Big Data Modelling: The Evolution of a Technique to Cluster Cancer Patients

Author:

Giovanni Boniolo

Date of publication: 22 September 2025
Last update: 22 September 2025

Abstract

We provide an overview of how Big Data models in oncology are structured and how patient clustering based on similarity has evolved.

The beginning

Over centuries, medical research has refined techniques for categorizing patients who exhibit the same characteristics, aiming to enhance diagnosis, prognosis, and treatment. In recent decades, this classificatory strategy has been adopted by clinical trials and evidence-based medicine, enabling drug indications and clinical guidelines to be tailored to defined patient subgroups. These groups are considered homogeneous based on specific biomarkers—whether tissue-based, cellular, or molecular. This model of stratification and patient assignment has endured even in the age of molecular medicine (see, e.g., Boniolo & Nathan, 2017), where classification increasingly relies on genomic, proteomic, metabolomic ... (the 'omic') data.
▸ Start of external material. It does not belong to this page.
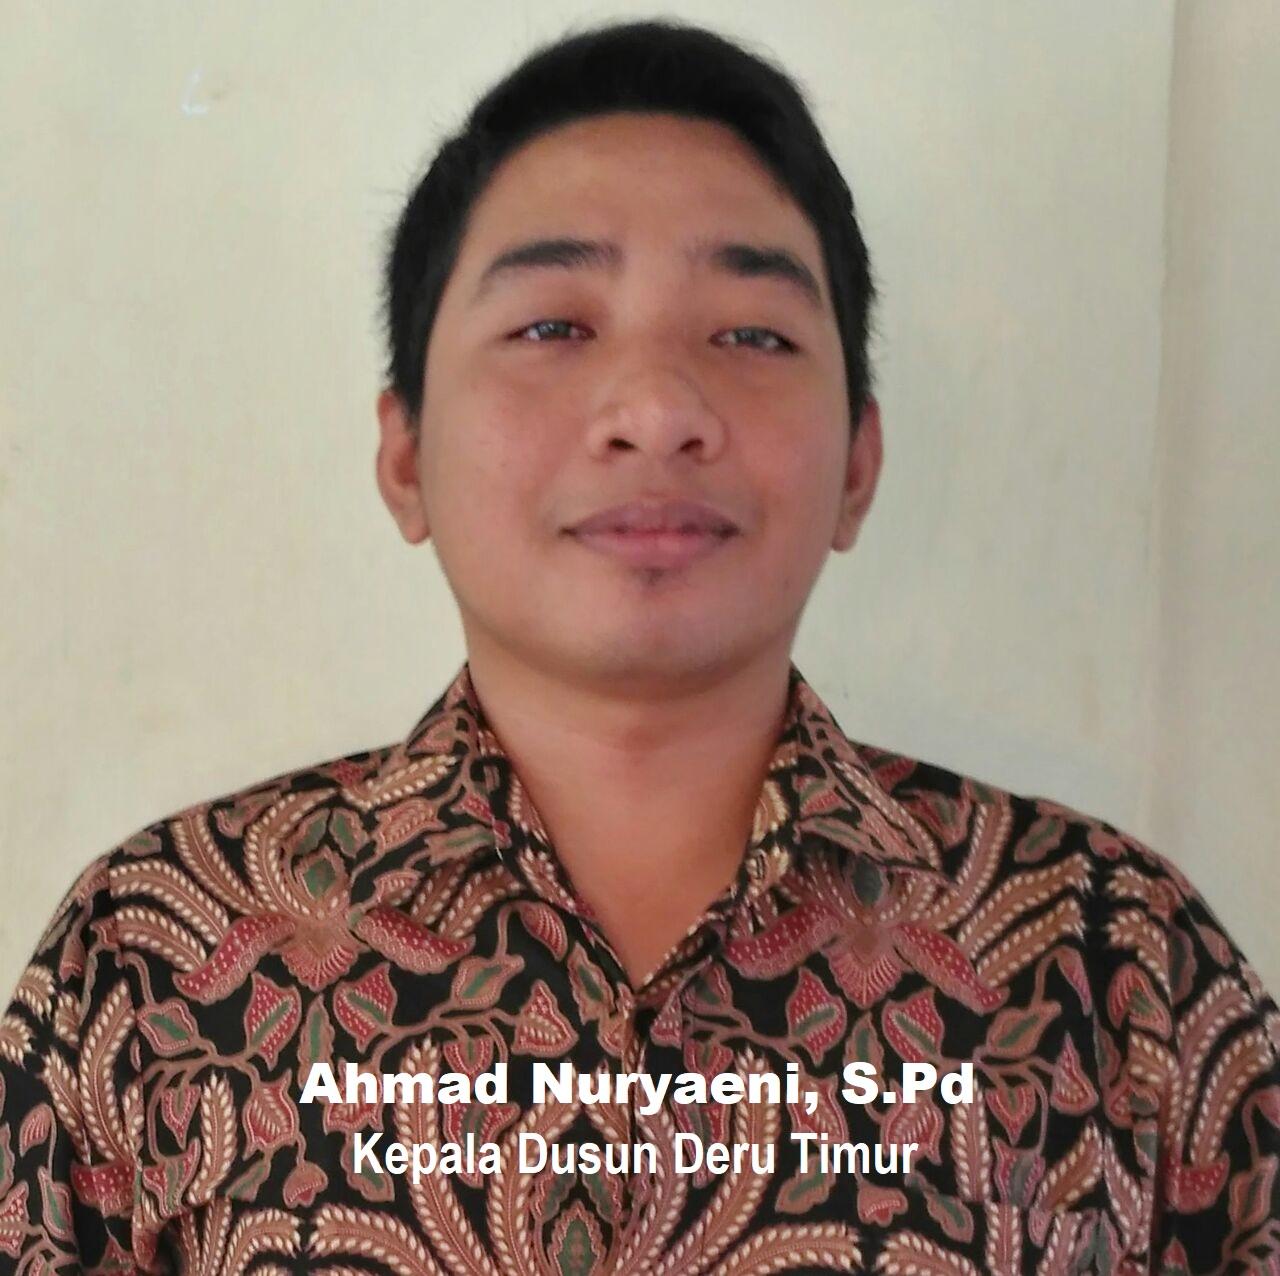 Kepala Dusun Deru Timur
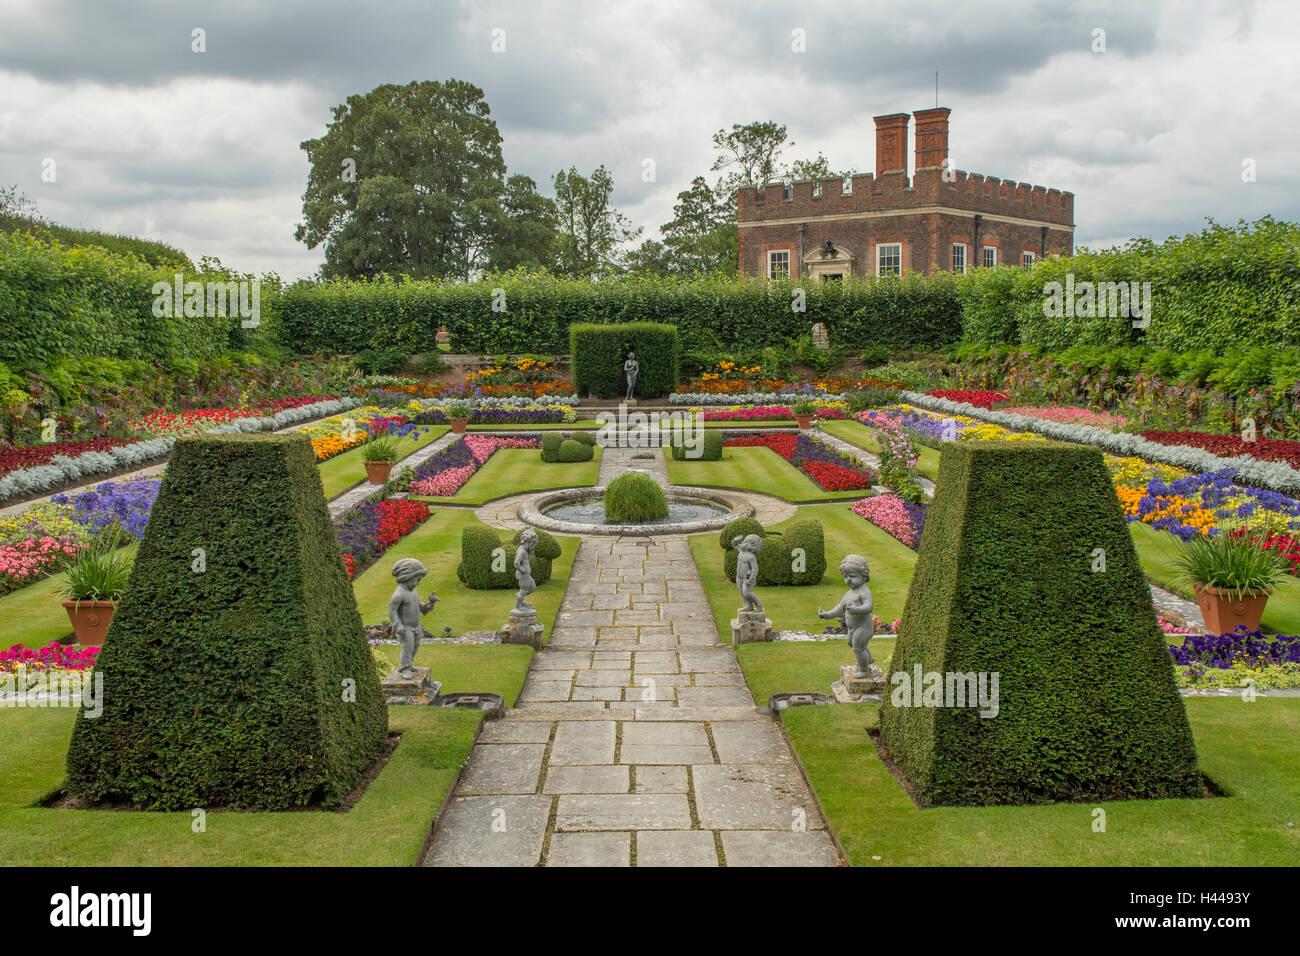 Pool garden hampton court palace richmond london for Richmond gardens pool

However, the sheer complexity of many molecular diseases, cancer foremost among them, the overwhelming scale of molecular and clinical datasets (cf. Leonelli, 2016; Strasser, 2019), and the intrinsic individuality of patients have rendered this biomarker-driven model increasingly inadequate. As a result, an alternative paradigm has emerged: one that pivots from fixed markers to dynamic patterns of similarity.

This epistemological shift is exemplified by the work of Carlos Caldas and his team, pioneers in applying similarity-based cluster analysis to cancer research (Curtis et al., 2012; Ali et al., 2014; Bruna et al., 2016; Pereira et al., 2016; Russnes et al., 2017). Drawing on 997 breast cancer samples sourced from biobanks in the UK and Canada, they conducted comprehensive genomic and transcriptomic profiling on patients who had received standardized treatments and were monitored over a ten-year span. Their analysis, known as Integrative Clusters (iClusters or IntClusters), identified ten predictive molecular subtypes. To assess the reliability of these classifications, the same method was applied to two additional datasets: one comprising approximately 1,000 breast cancer samples, the other around 7,500.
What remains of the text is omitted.